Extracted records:
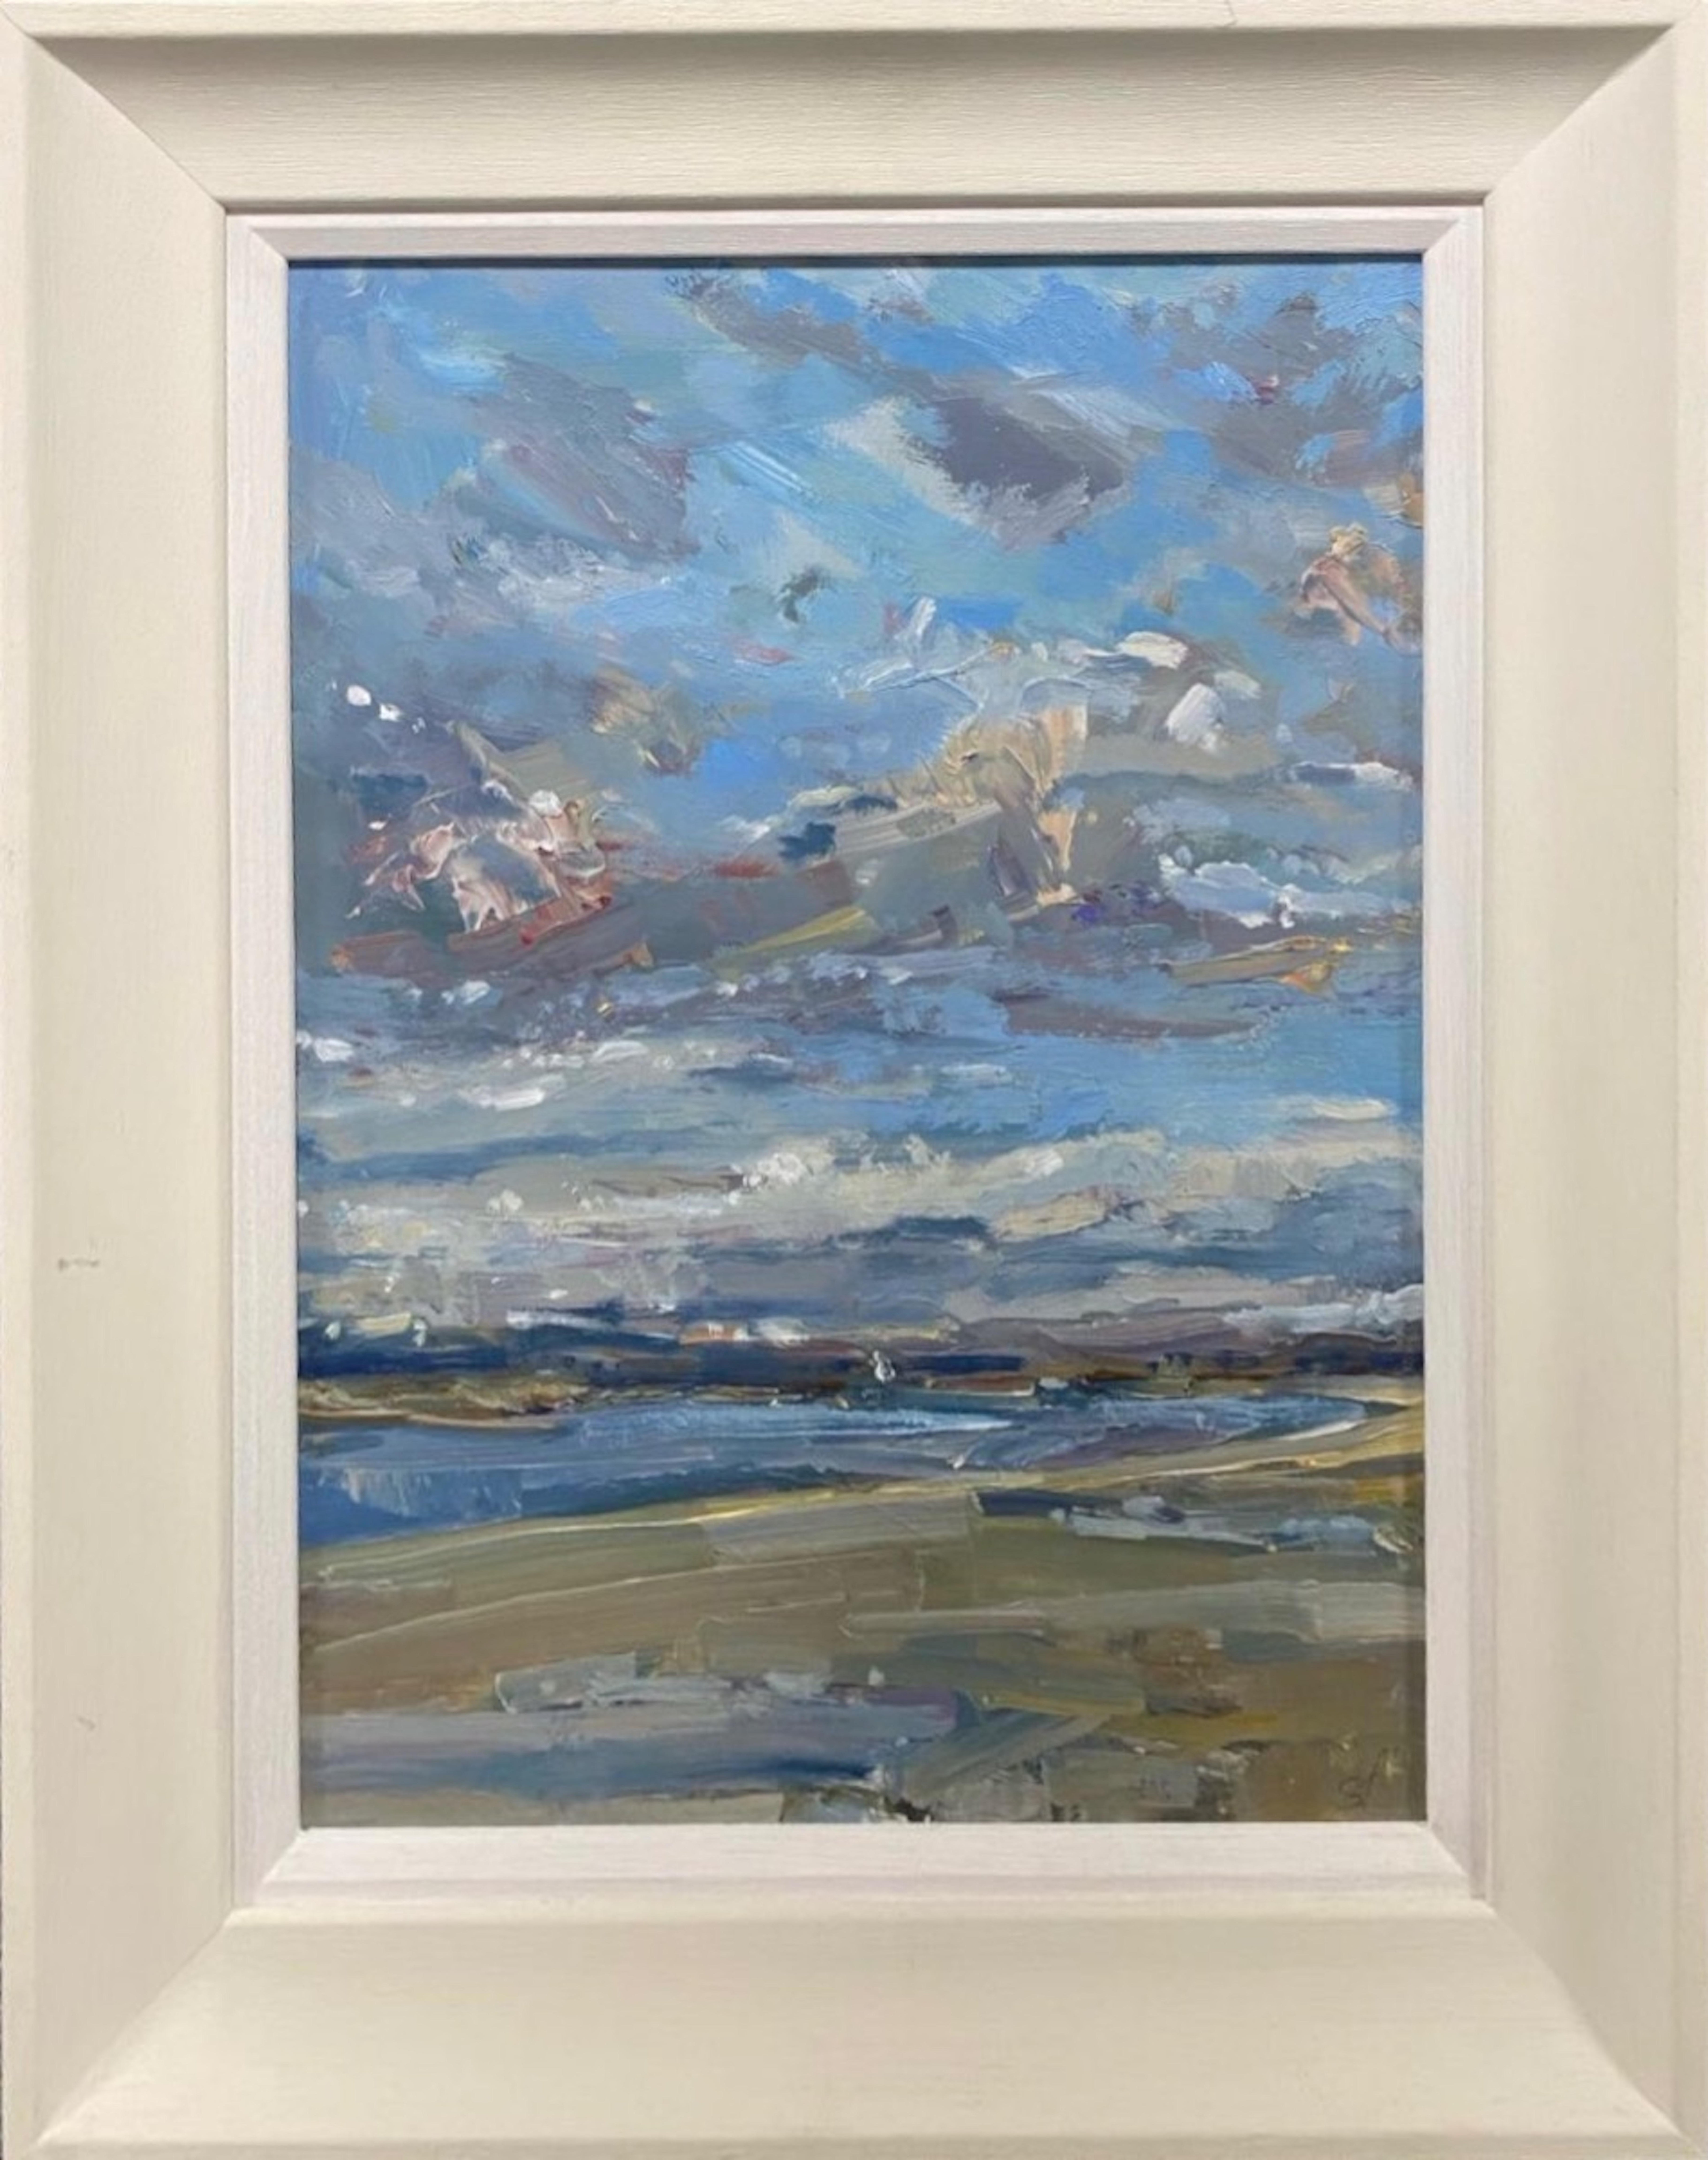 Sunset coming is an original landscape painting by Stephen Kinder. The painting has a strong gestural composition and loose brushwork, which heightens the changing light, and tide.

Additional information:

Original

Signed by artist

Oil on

EXERCISE DETAILS: Each entry above must come back exactly as written. Drop the images.

SOLUTION:
 Sunset coming is an original landscape painting by Stephen Kinder. The painting has a strong gestural composition and loose brushwork, which heightens the changing light, and tide.

Additional information:

Original

Signed by artist

Oil on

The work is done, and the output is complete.